FCPS Superintendent Dr. Karen Garza awards Kilmer Middle School teacher Outstanding Teacher of the Year.
Corey Thornblad, social studies teacher at Kilmer Middle School, has been named the Fairfax County Public Schools 2016 Outstanding Teacher. Thornblad will represent FCPS in Virginia’s Teacher of the Year competition; the winner will be announced in fall 2016.

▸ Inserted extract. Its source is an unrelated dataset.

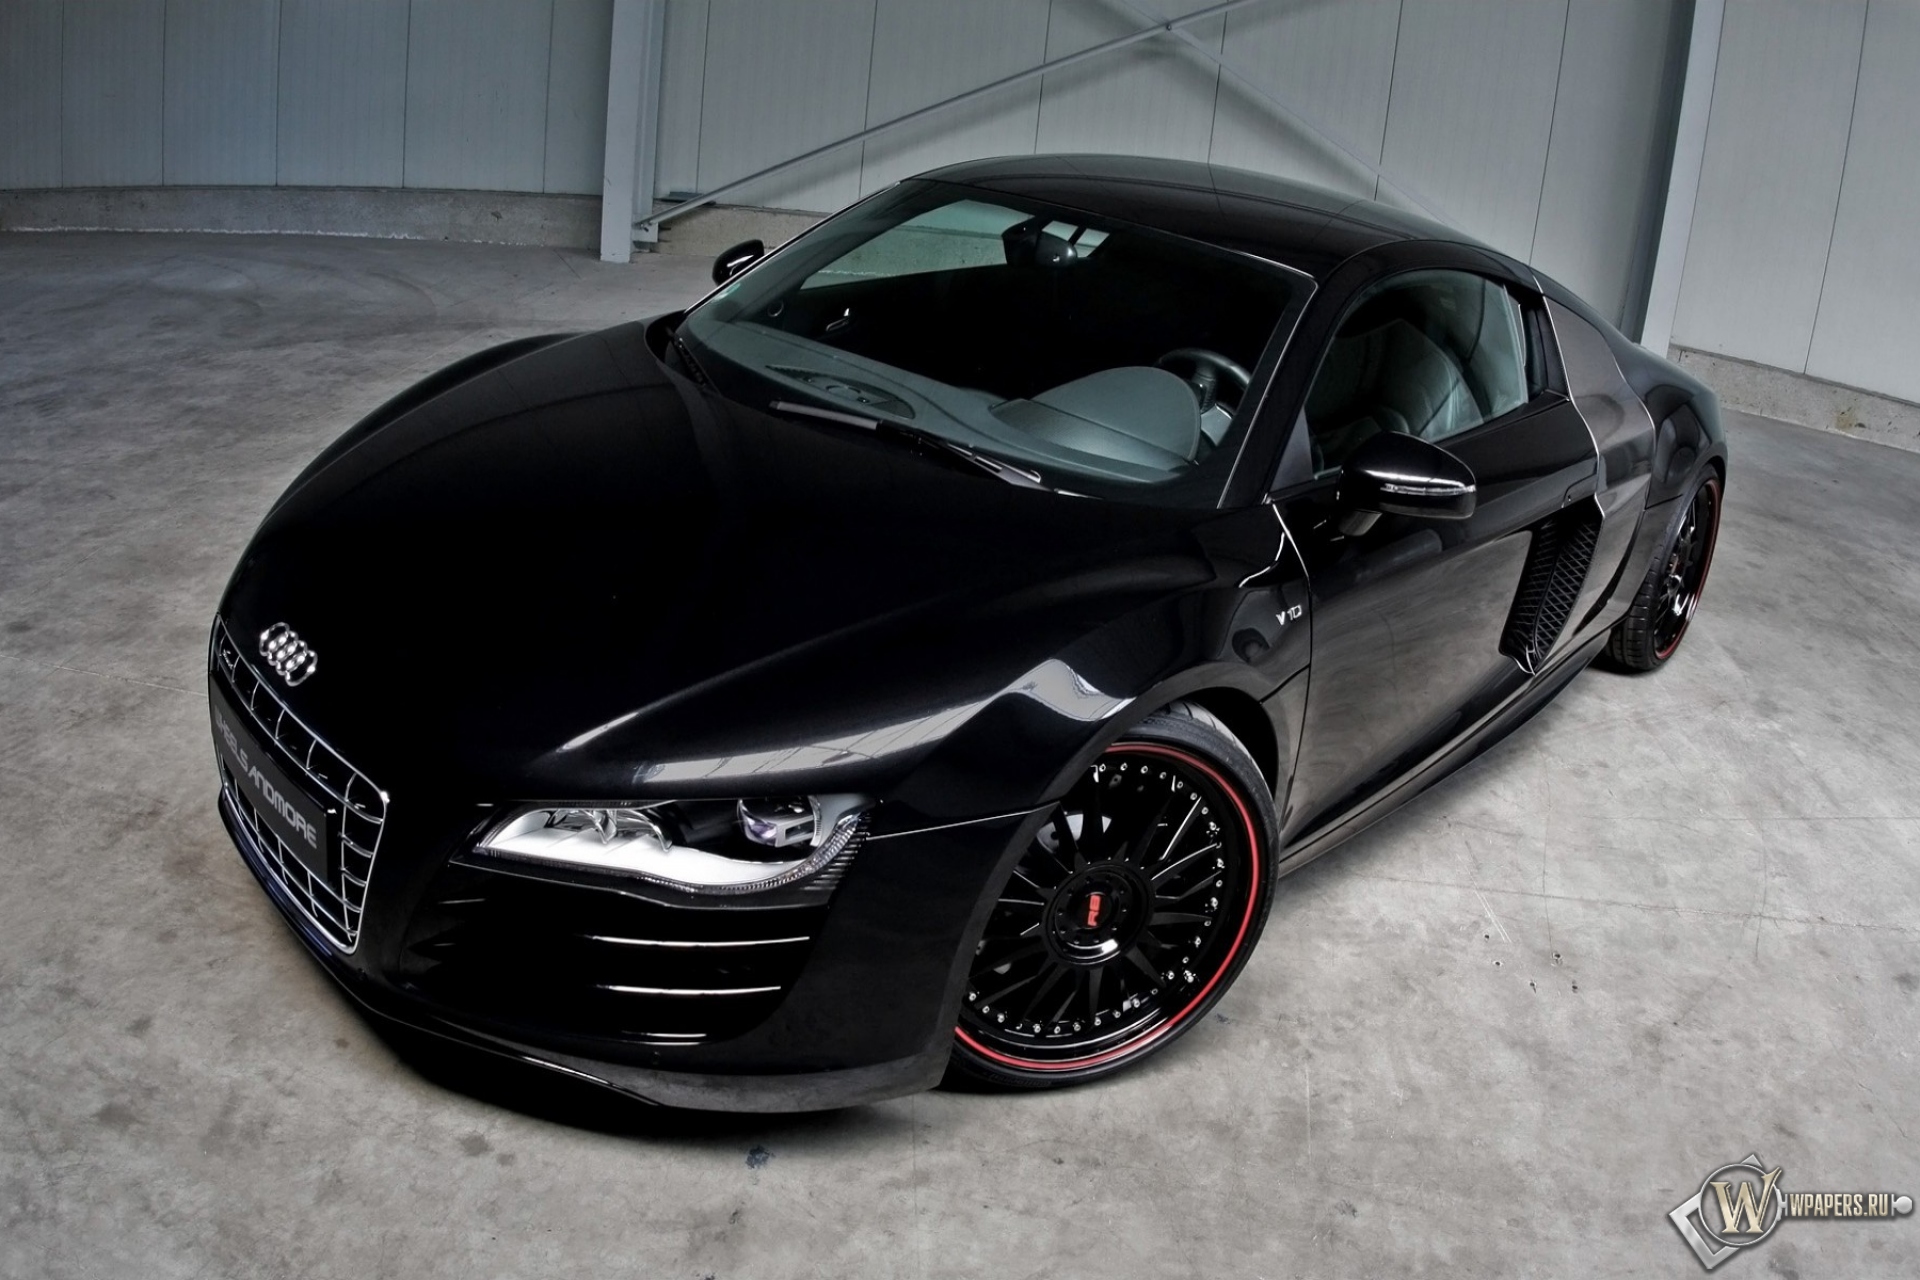 2011 Wheelsandmore Audi R8 V10 .6 - Front Angle Top 1920x1280

Thornblad receives a $3,000 prize from FCPS for being named 2016 Outstanding Teacher. She is also a finalist for the Washington Post’s Teacher of the Year Award, which recognizes excellence in teaching, encourages creative and quality instruction, and contributes to improving education in the Washington area.
“Having a rich knowledge of the subject matter is not enough,” says Thornblad. “What counts is how you share that knowledge with students because it isn’t about me, it’s about them.” Thornblad takes this philosophy into the classroom with her honors history students, those who are English language learners, and those with disabilities. Her golden classroom rule—no putdowns—makes her classroom a safe, caring place where everyone feels accepted.
ONE OF THORNBLAD’S GOALS is to ensure her students leave her classroom with a rich understanding of history and the ability to think and write like historians. “More importantly, they leave with a desire to learn more about their past, present, and future. That’s what it’s all about. By making learning fun, I instill in my students a desire to keep learning.”
Helping each student succeed is one of her major goals. Working with her team teacher to help a student struggling to focus in class, Thornblad added a standing table to the back of the room, provided a dedicated space for his items, and had a test read to him instead of making him take it online. After recognizing that many students were struggling with primary and secondary sources and developing a thesis for their writing, she consulted with Kilmer librarian Gretchen Hazlin to develop a ThesisAlive! Workshop, structured to help students understand how to construct a thesis and analyze sources by using Lego stations, iPads and fairy tales. “The workshop was so popular that Corey encouraged her colleagues to use the developed material for other content areas,” adds Compton. “As a result of her advocacy, over 1,000 students at Kilmer were exposed to the workshop, learning in an unconventional way how to write a more detailed narrative essay.” Thornblad and Hazlin then created the Bubble Up Classroom website, an online community offering strategies that promote critical thinking and writing in social studies that includes the ThesisAlive! Workshop and a thesis generator, enabling FCPS colleagues and teachers across the country to access their tools.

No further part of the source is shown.